Congrats again. That is a big ol' channel kitty.


----------



## Muddy (Dec 25, 2007)

That is a beast. Congratulations.


----------



## kim e cooper (Feb 18, 2006)

Nice fish congrats to you on the new record.


----------



## Hill Country Fishin (Mar 6, 2007)

Beautiful Channel!
TOAD!


----------



## dbullard (Feb 13, 2008)

nice channel!!


----------



## shadslinger (Aug 21, 2005)

WTG TexasGG that is a fine channel cat, and congrats on the pending lake record.


----------



## McBuck (Mar 24, 2006)

That's awesome, Garry!!! Way to go! It's nice to know a celebrity!


----------



## texasGG (Mar 12, 2007)

Yeah I hear ya Matt..... Thanks everyone...


----------



## texasGG (Mar 12, 2007)

It's official! I got the Certificate from Texas Parks and Wildlife Department in the mail today...


----------



## roger1shot (Jul 28, 2004)

Hey,
Where did you buy the Mr.Whiskers at?
Nice catfish and cool making the lake record.


----------



## texasGG (Mar 12, 2007)

I get mine straight from the guy who makes it in Granbury TX. Thom Whitlock, he is a great guy and also runs a guide service. He has a website.... http://www.mrwhiskerscatfishbait.com/ it also shows some different distributors in the area. Its a really good bait with a consistency that stays on the hook well. In the summer I keep mine cool in an ice chest to help keep it firm but in the winter time it is good. good luck,


----------



## Harbormaster (May 26, 2000)

Dang that's a big channel cat! 

Congrats! :biggrin:


----------



## TXPalerider (May 21, 2004)

Very cool Garry!! Glad to here it's officially the record now. 

Thanks for all your help.

Brad


----------



## Harbormaster (May 26, 2000)

Where is it posted?

More pics?


----------



## obiewan57 (Sep 14, 2005)

The Parks and Wildlife department works to get certificates to official record holders as fast as possible. They do not get around to posting immediately, so every month or so they update the records on their web site. It will get posted when TPWD get time to get to it. TPWD does a great job of keeping the records.

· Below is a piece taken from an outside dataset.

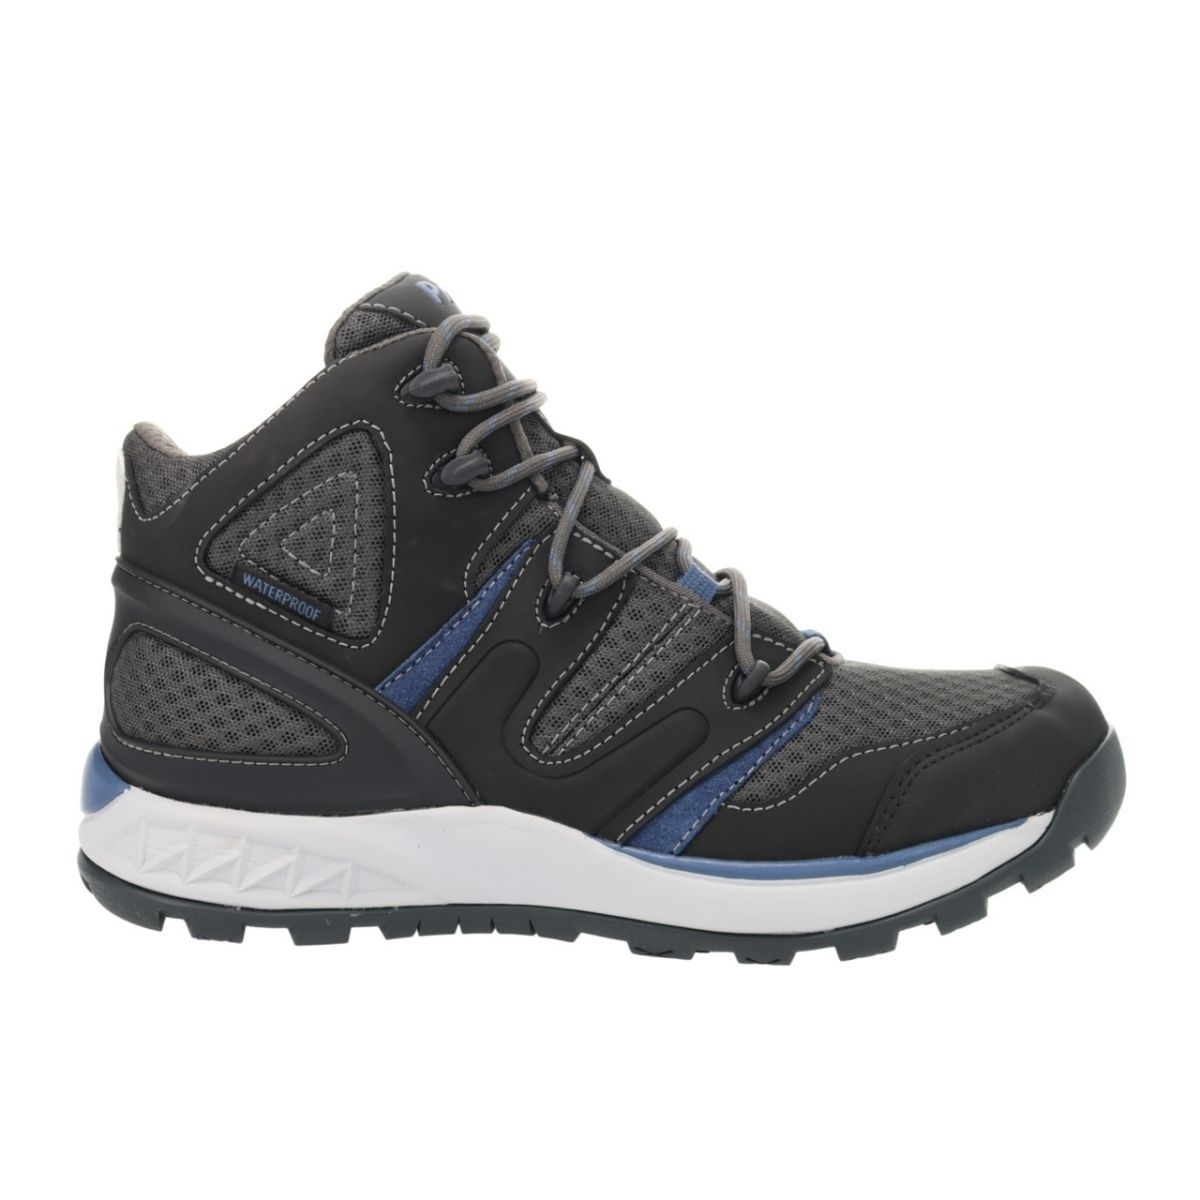 Propet Men's Veymont Waterproof Hiking Boot Grey/Blue - MOA022SGRB GREY/BLUE - GREY/BLUE, 11.5 X-Wide

Sometimes a person can catch a record, he gets his certificate, but by the time it gets posted that record is broken again, and a new person will be showing up on the web site. You still have the certificate to show you once held the record even if yours is broken.


----------



## texasGG (Mar 12, 2007)

Well, Texas Parks and Wildlife just got it posted on their web site, you can access it at this link....

http://www.tpwd.state.tx.us/fishboat/fish/action/waterecords.php?WB_code=0282


----------



## McBuck (Mar 24, 2006)

That's 2cool! I am sure that the folks at Mr. Whiskers really appreciate that little plug, too!


----------